I think our engineers’ approach was strong here, but our processes could have been better. Our continuing remediation efforts are focused there.
ssalazars|6 years ago
I hope that lessons are learned from this operational event, and invest towards building metrics and tooling that allows you to, first of all, prevent issues, and second, shorten the outage/mitigation times in the future.
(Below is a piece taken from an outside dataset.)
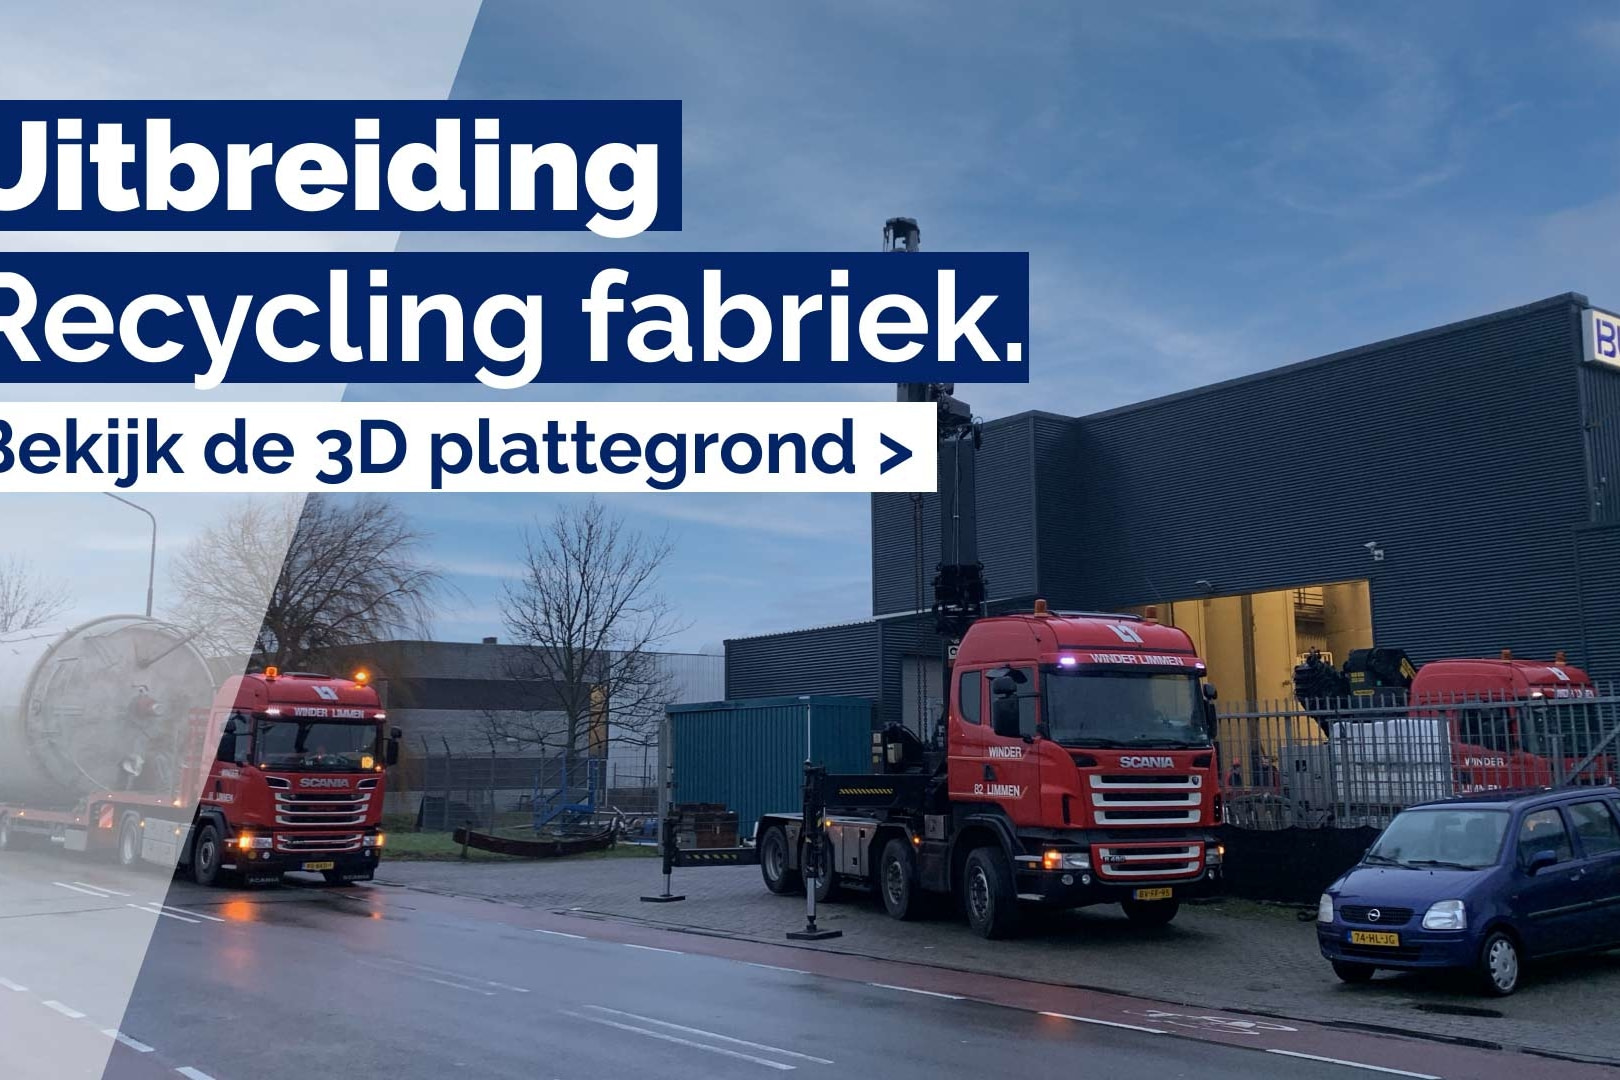 Uitbreiding recycling fabriek nieuwsartikel

I'm happy you guys are being open about the issue, and taking feedback from people outside your company. I definitely applaud this.
tus88|6 years ago
That seems like a lot of change in a week, or does deploys mean something else like customer websites being deployed?
tschwimmer|6 years ago
nialldalton|6 years ago
From the description/comment it also sounds like the database operates directly on files rather than file leases as there's no notion of a separate local - cluster-scoped - byte-level replication layer below it. Harder to shoot a stateful node.. And sounds like it's tricky to externally cross-check various rates, i.e. monitor replication RPCs and notice that certain nodes are stepping away from the expected numbers without depending on the health of the nodes themselves.
Hopefully the database doesn't also mix geo-replication for local access requirements / sovereignty in among the same mechanisms too.. rather than separating out into some aggregation layers above purely cluster-scoped zones!
Of course, this is all far far easier said than done given the available open source building blocks. Fun problems while scaling like crazy :)